=== Dataset extract ===
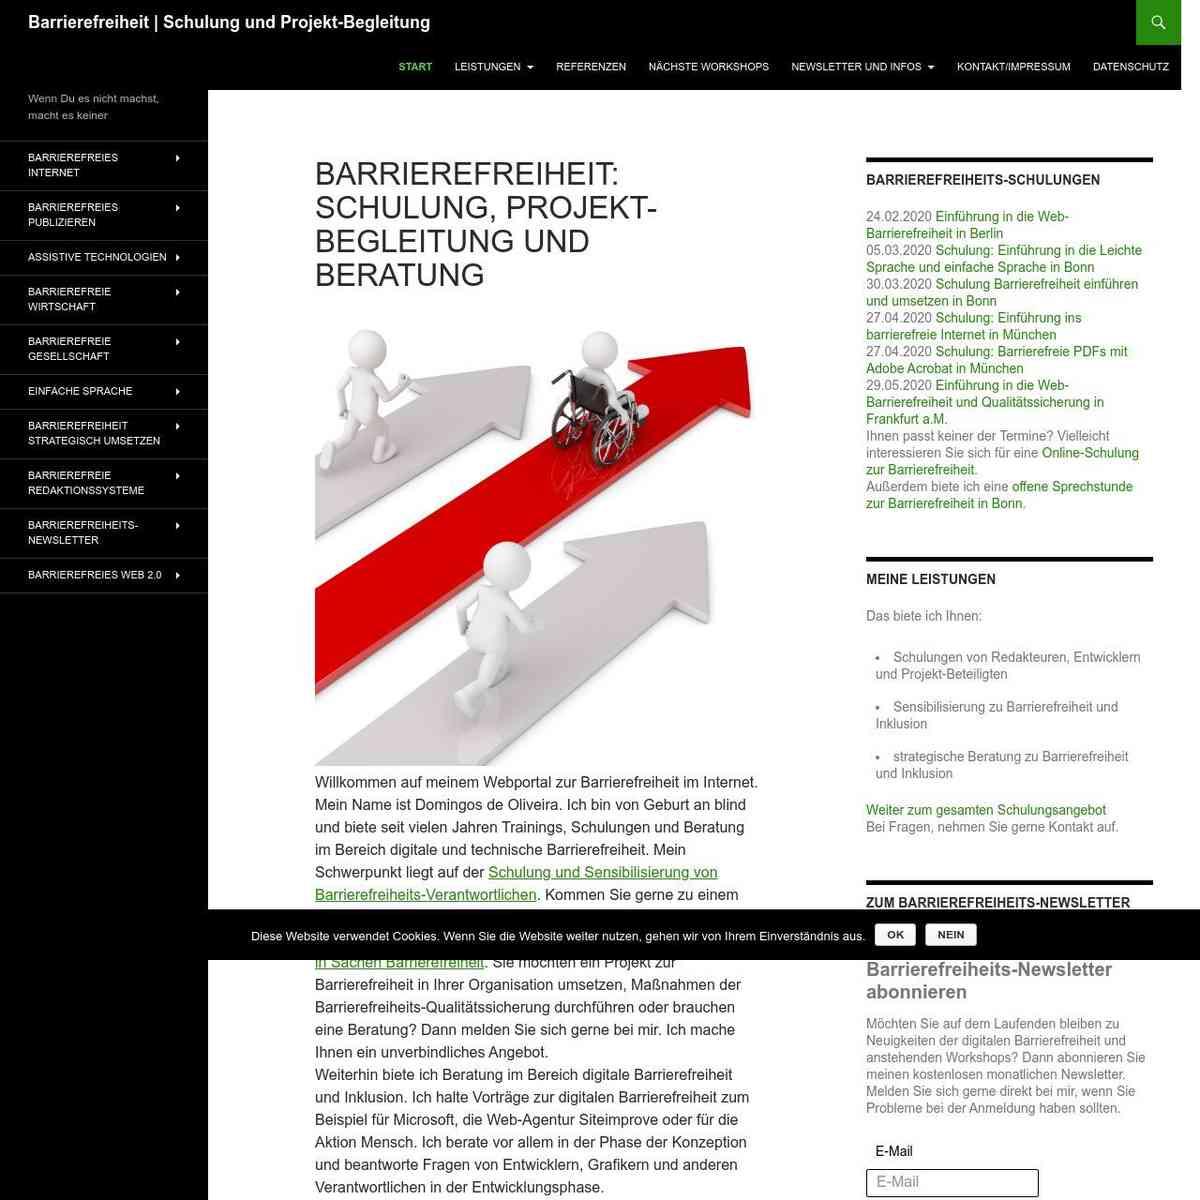 Barrierefreiheit - Schulung, Beratung, Begleitung - Barrierefreiheit | Schulung und Projekt-Begleit…
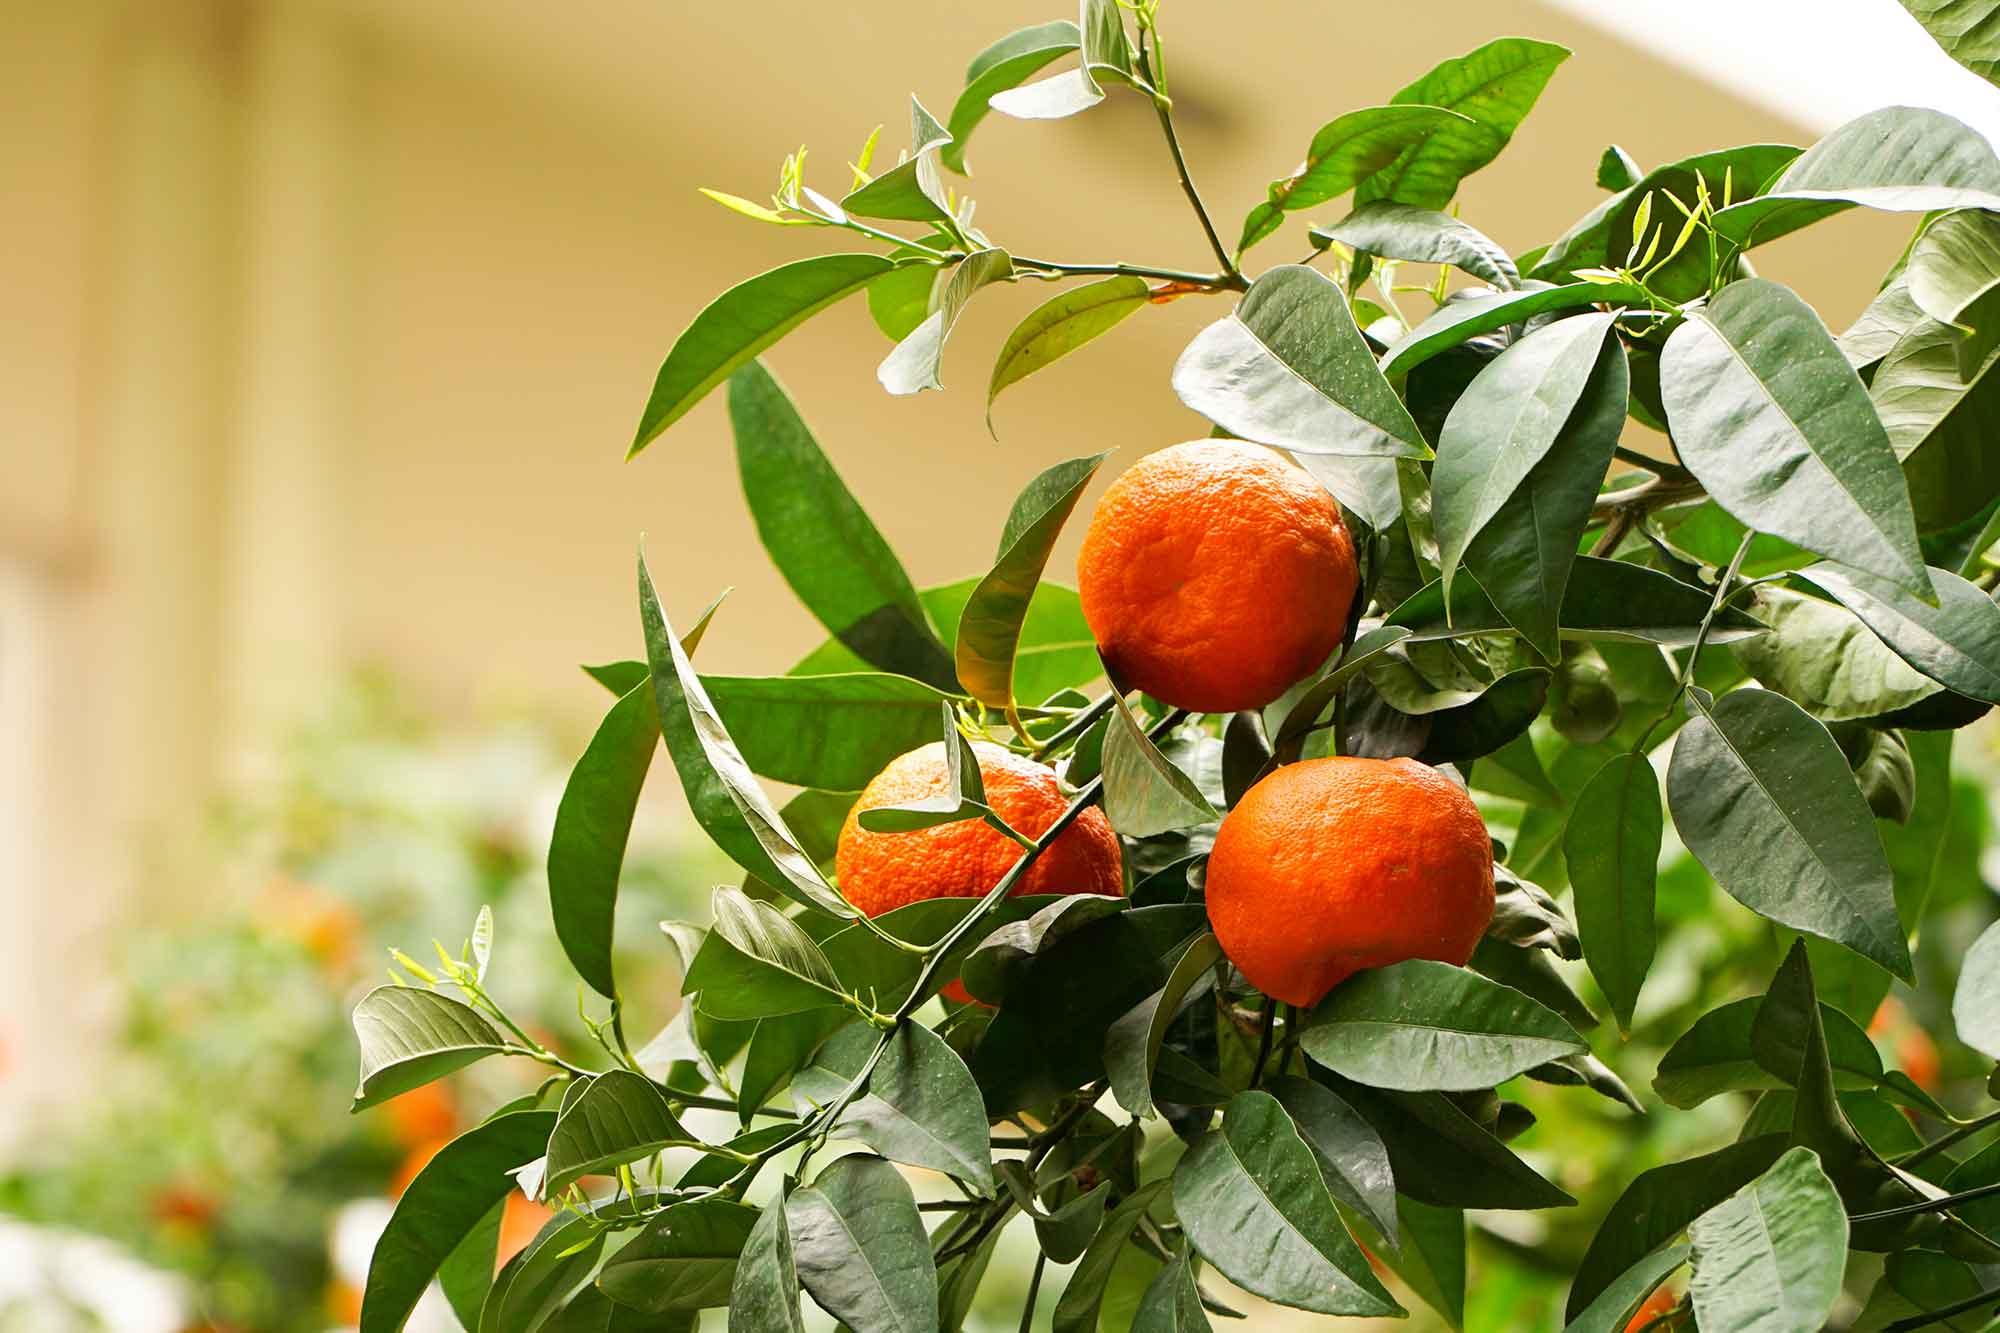 Bittere sinaasappels in Athene
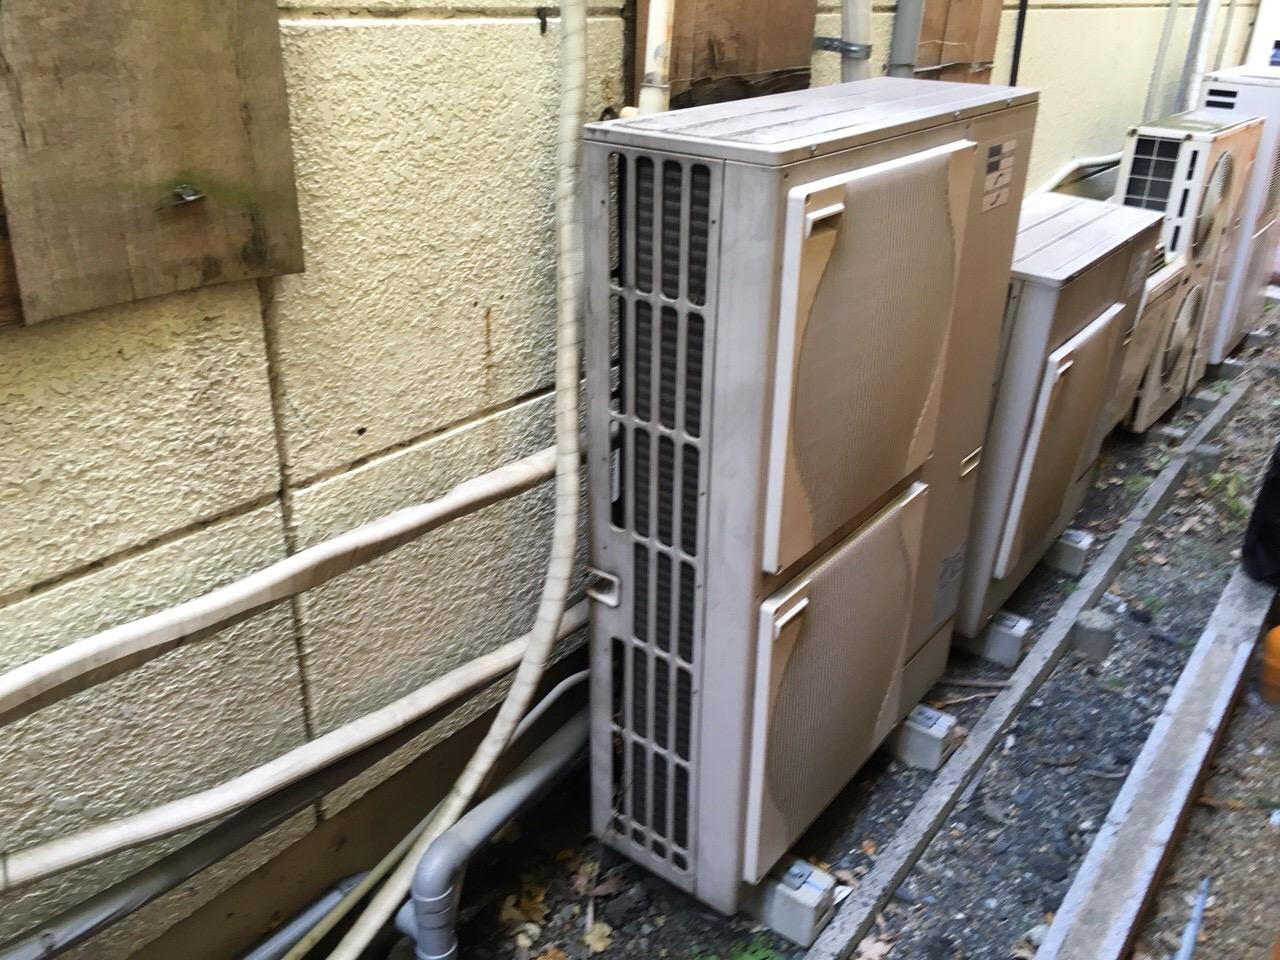 名古屋市 | ソフトバンク店内入替え工事
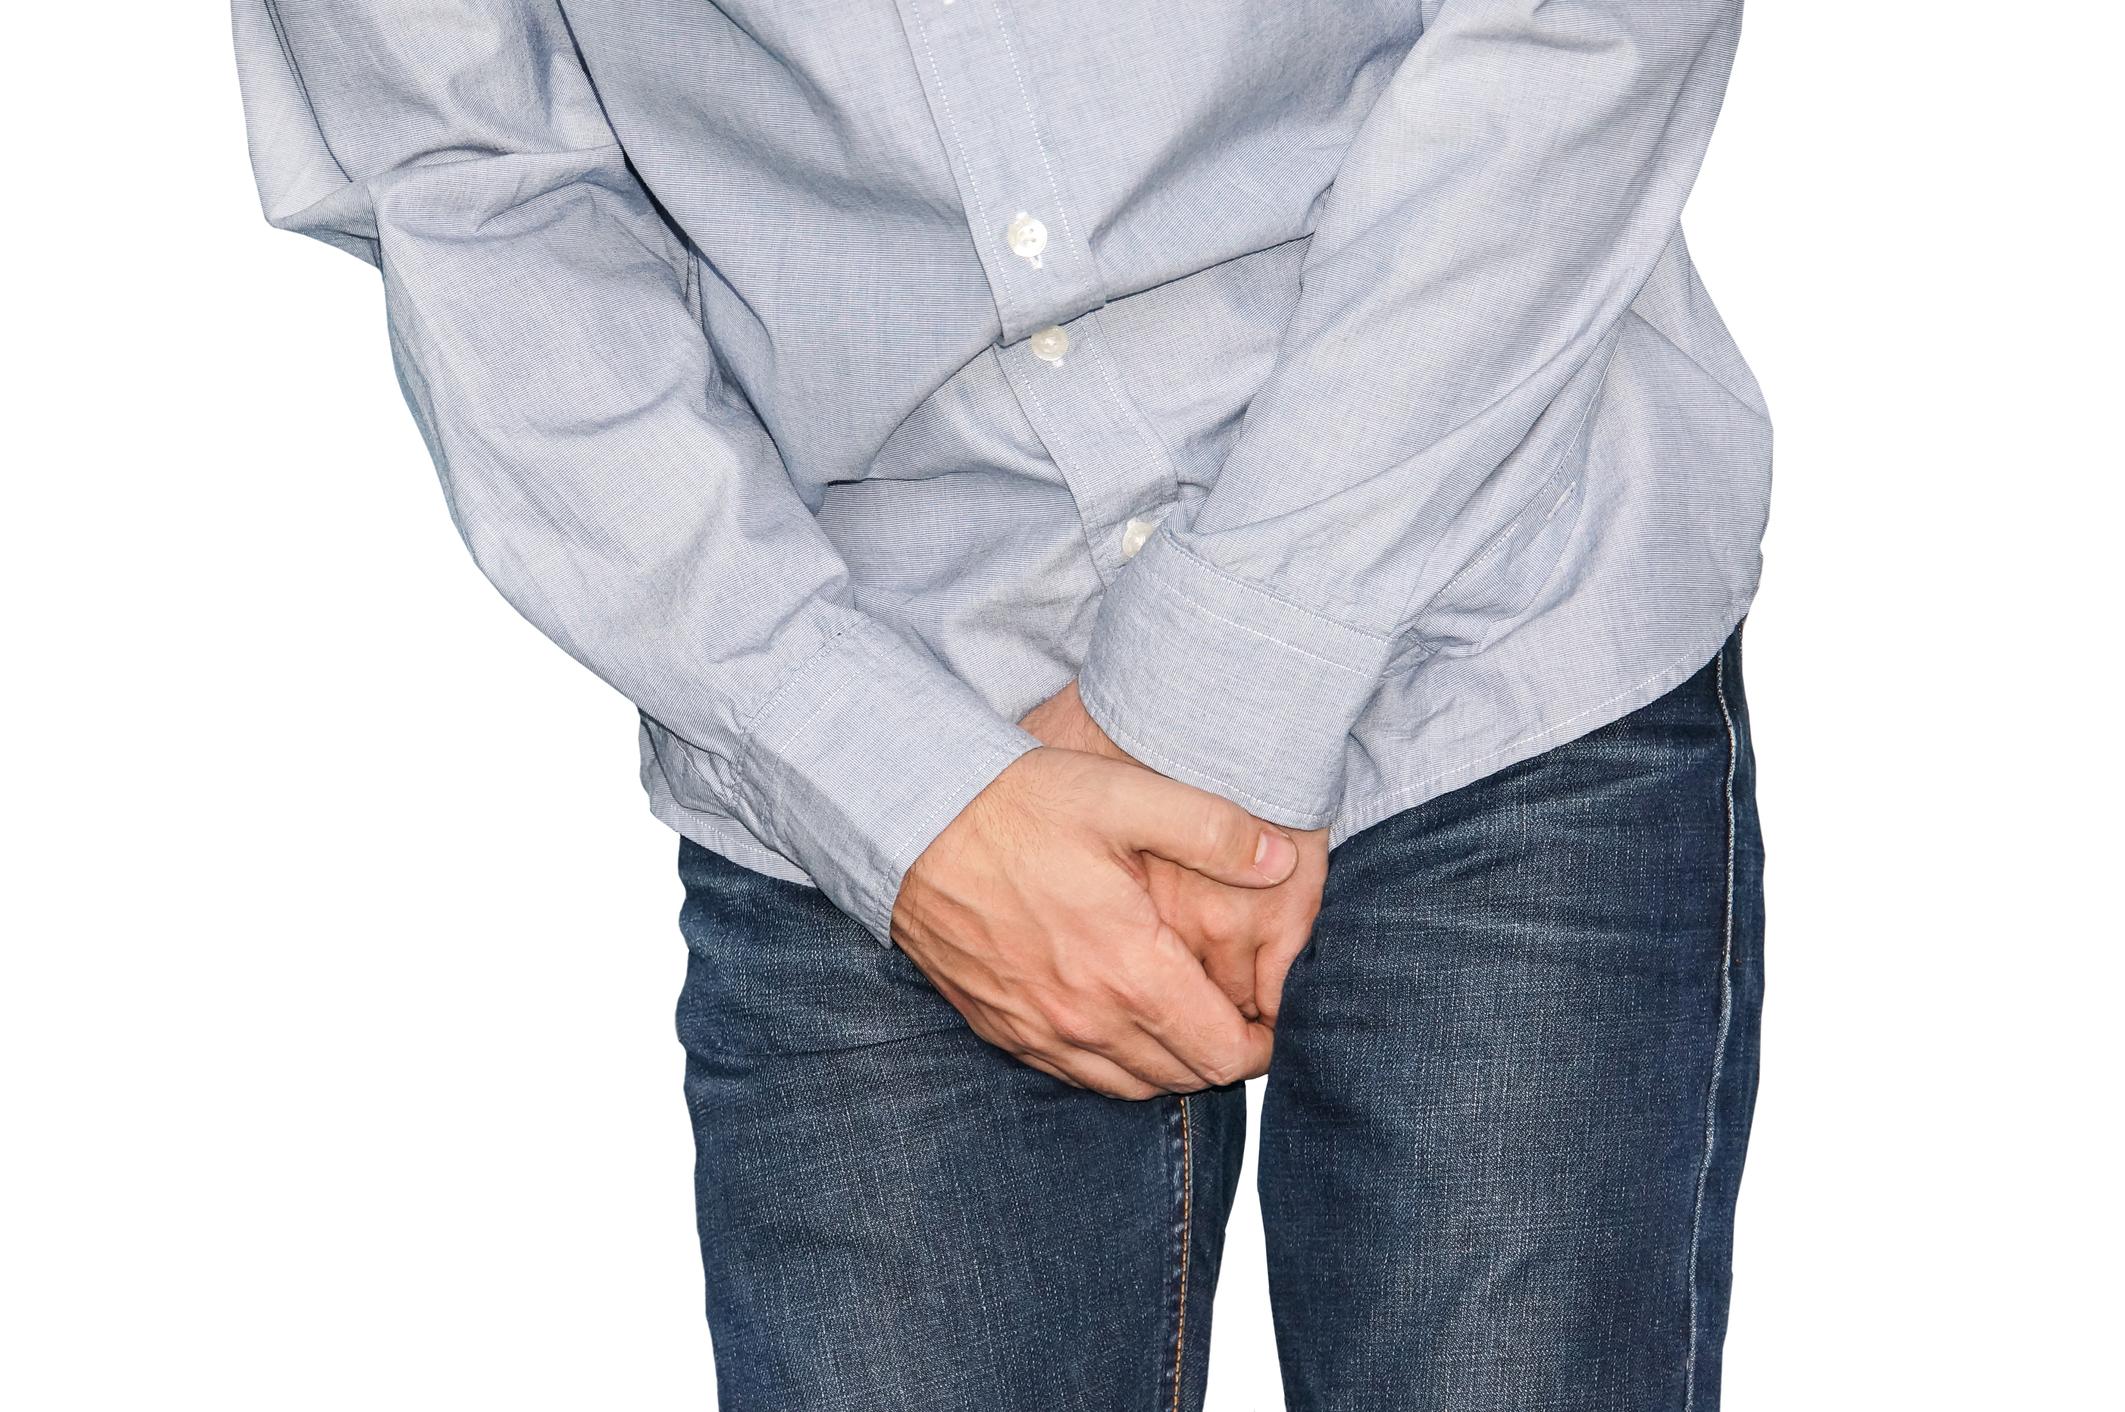 pénisz prosztatagyulladással hogy néz ki)

=== Exercise aim ===
Your reply should consist solely of the lines from the line containing "名古屋市 | ソフトバンク店内入替え工事" through the last line of the listing, unchanged and free of pictures.

=== Exercise solution ===
 名古屋市 | ソフトバンク店内入替え工事
 pénisz prosztatagyulladással hogy néz ki)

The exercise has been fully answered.